When you're setting up DMARC, you'll come across two important but distinct reporting tags: rua and ruf. Both are designed to give you visibility into how your domain is being used across the internet, but they serve very different purposes and provide different types of information. Understanding the difference is key to effectively using DMARC to protect your domain from phishing and spoofing attacks.
Essentially, DMARC provides this visibility through two types of reports, as Gatefy explains, aggregate (RUA) and forensic (RUF) reports. Let's break down what each one does.
RUA: Aggregate reports for a high-level overview
The rua tag, which stands for "Reporting URI for Aggregate reports", is the most important part of DMARC reporting. This tag tells receiving mail servers where to send daily, high-level summaries of your email traffic. These reports are sent in a machine-readable XML format, which is why most people use a DMARC monitoring service to parse and visualize the data.
An aggregate report doesn't contain the content of individual emails. Instead, it provides a summary of:
- Sending sources: The IP addresses that sent email claiming to be from your domain.
- Authentication results: Whether those emails passed or failed SPF and DKIM checks, and how those results aligned with your domain.
- Email counts: The volume of emails from each source.
- DMARC policy application: What action the receiving server took (none, quarantine, or reject) based on your DMARC policy.
These reports are essential for understanding who is sending on your behalf, identifying legitimate services that need to be properly configured, and tracking unauthorized use of your domain. Almost all major mailbox providers send RUA reports.
RUF: Forensic (failure) reports for detailed analysis
The ruf tag, which stands for "Reporting URI for Forensic reports", is used to request detailed, individual reports for emails that fail DMARC authentication. These are also known as failure reports.
Unlike the summarized RUA reports, a RUF report is a copy of a specific failing email. As DuoCircle points out, it can include the email's header, attachments, and URLs. In theory, this sounds incredibly useful for debugging why a specific email failed. You could see the exact subject line, sending IP, and authentication headers to diagnose the problem.
However, there's a major catch: privacy.

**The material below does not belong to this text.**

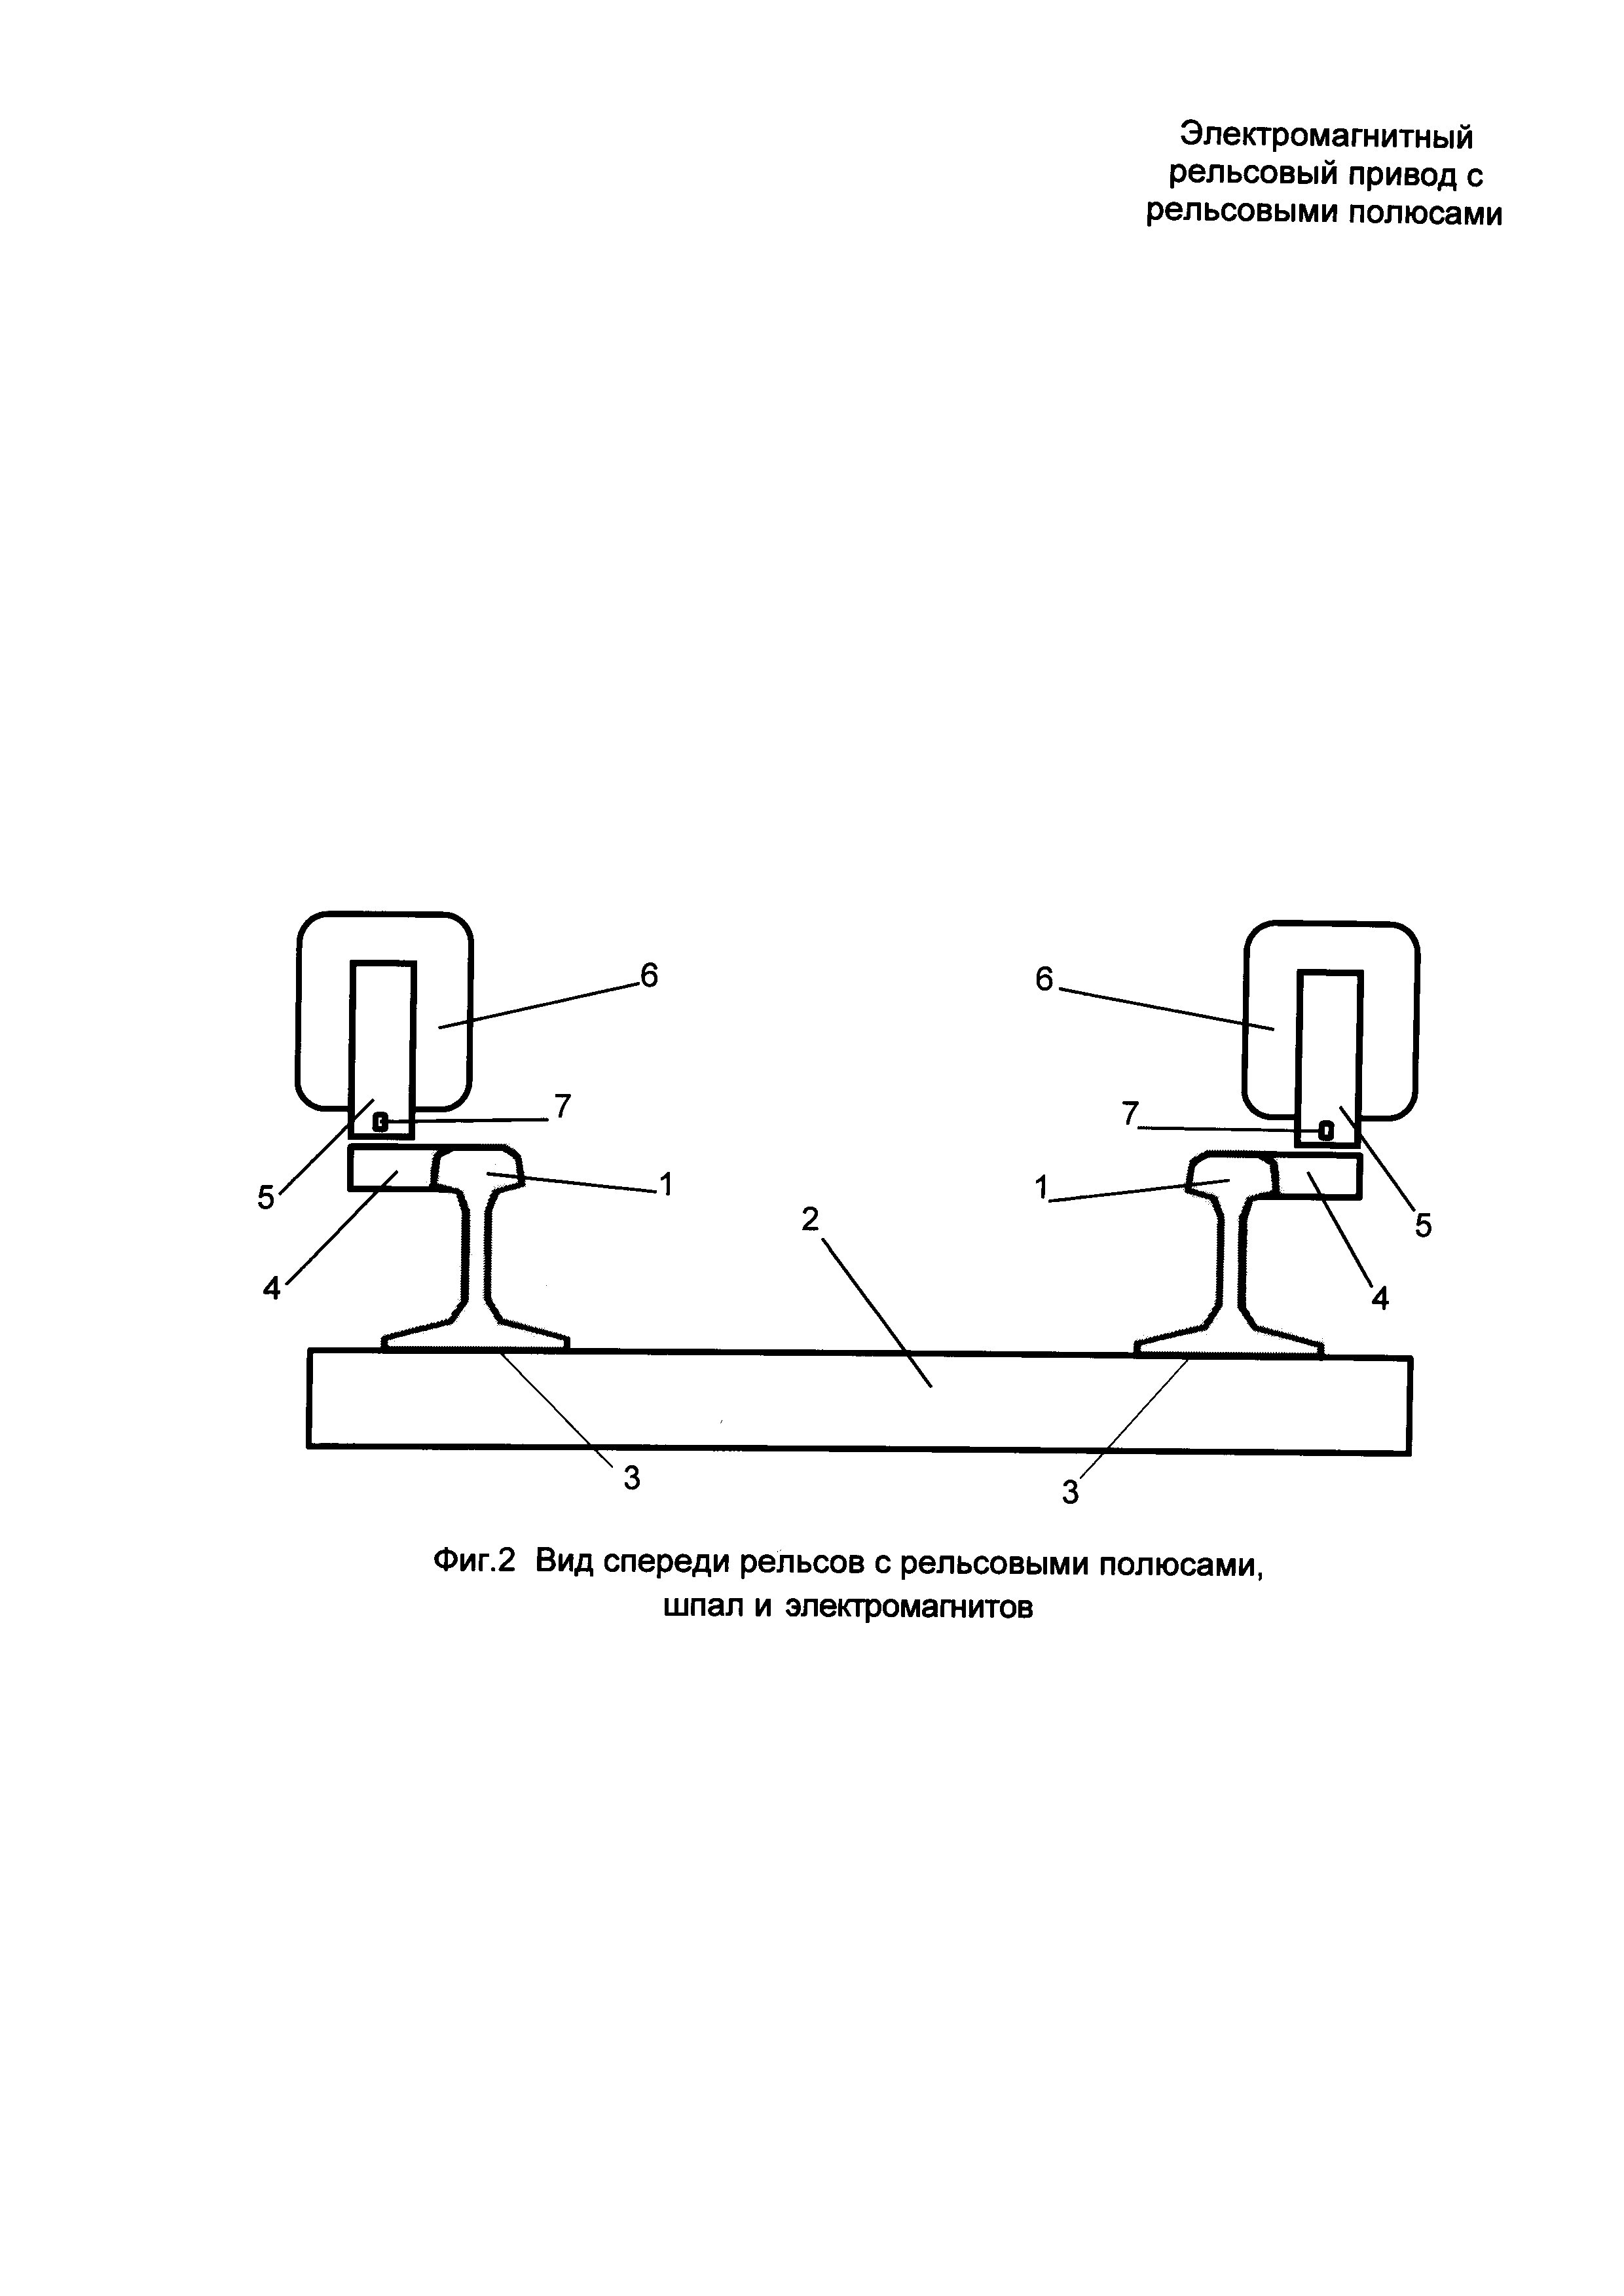 Электромагнитный рельсовый привод с рельсовыми полюсами

Because these reports contain message content, which could include personally identifiable information (PII), very few mailbox providers actually send them. Sending a RUF report could violate the privacy of the sender and recipient. As a result, while you can (and should) specify a ruf address in your DMARC record, you will receive very few reports, if any. The data is often redacted to the point of being unhelpful, or simply not sent at all. According to Mailgun, this tag is not supported by all mailbox providers.
The verdict: RUA is essential, RUF is optional
For 99% of domain owners, the focus should be entirely on RUA reports. They provide all the necessary information to reach a DMARC policy of p=reject safely. The data helps you identify legitimate sending services and ensure they are configured correctly for SPF and DKIM alignment, while also showing you any fraudulent activity.

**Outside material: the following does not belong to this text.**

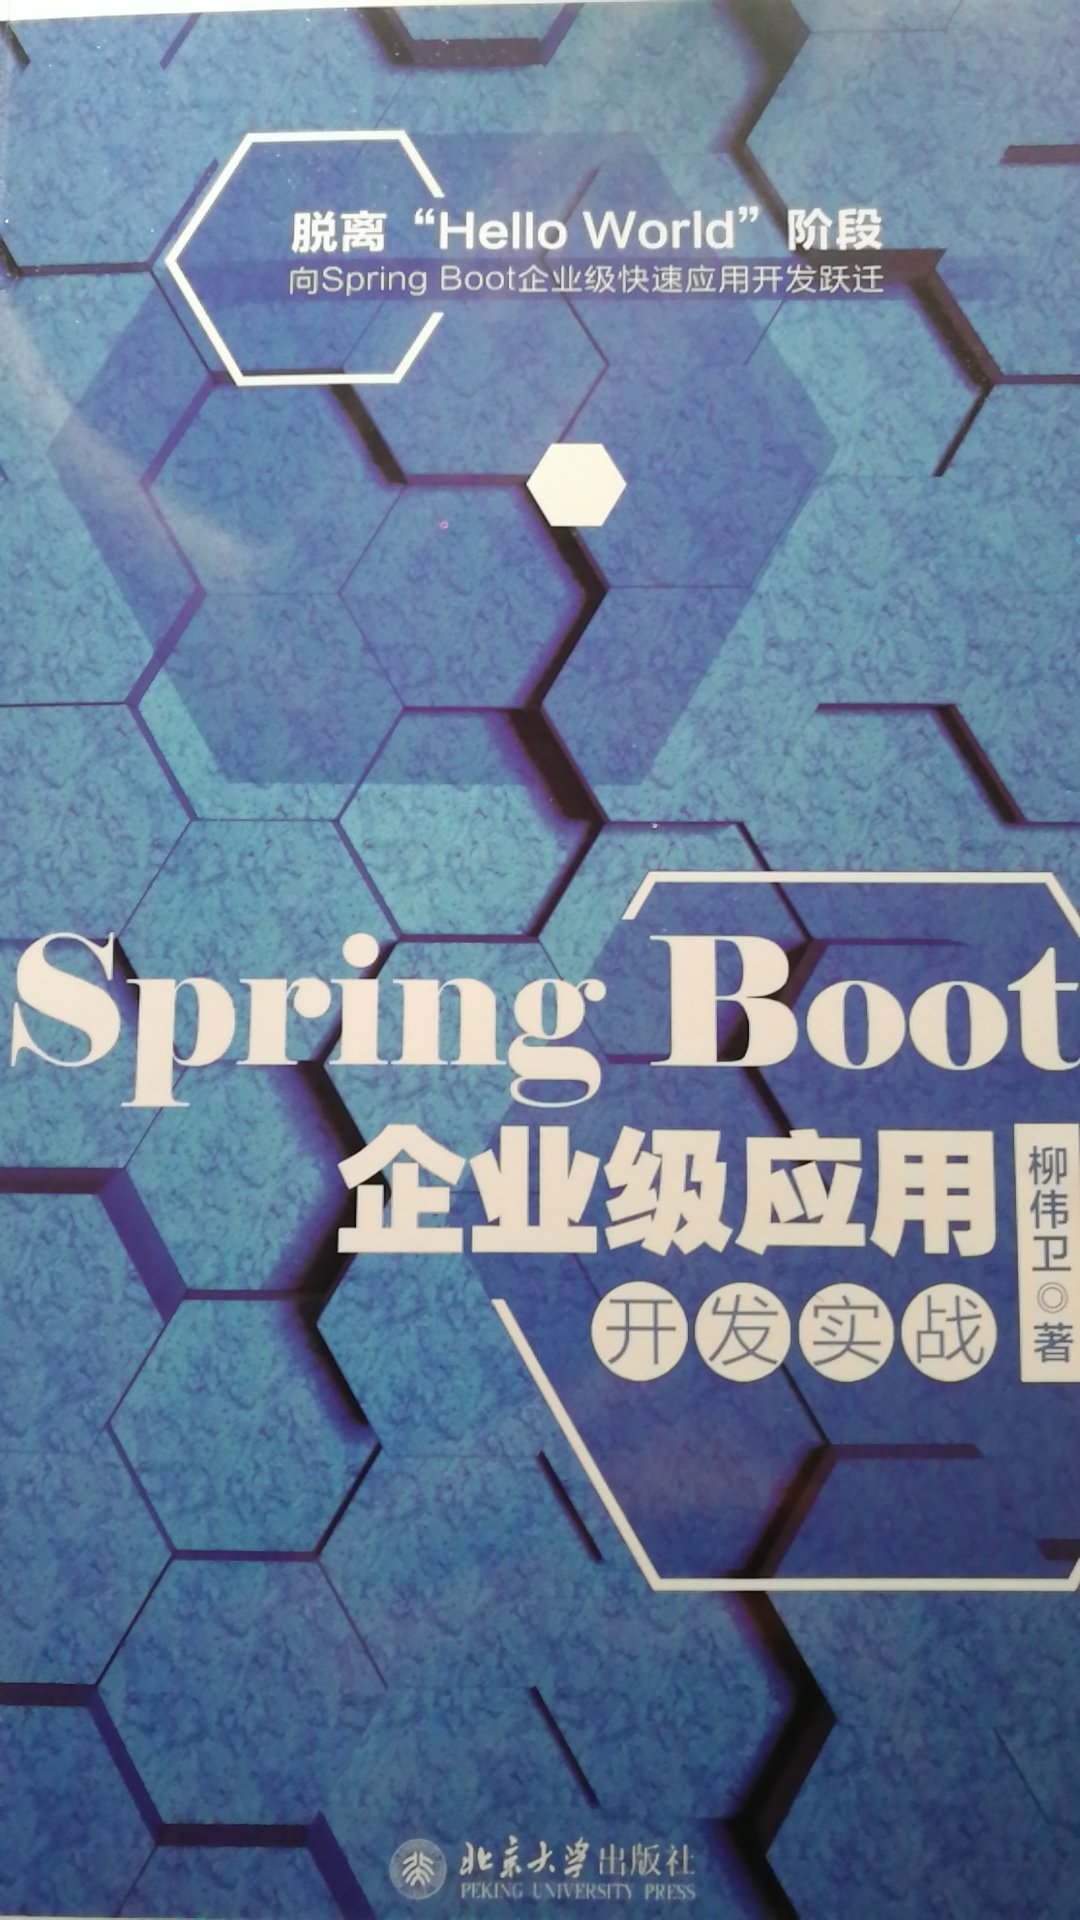 此书介绍了关于Spring Boot相关的一些新的技术框架，整体来说技术点到为止，需要深入学习需要多看相关技术的官方文档。

The ruf tag is largely a remnant of the early days of DMARC. Due to the lack of adoption by major providers and significant privacy implications, the forensic reports are not a reliable or necessary tool for DMARC implementation today. While you can configure an address to receive them, you shouldn't rely on them for monitoring.
To summarize, use the rua tag to receive comprehensive, aggregated data from all major receivers. This is your primary tool for DMARC monitoring. You can add a ruf tag, but don't expect to receive much, if any, useful information from it.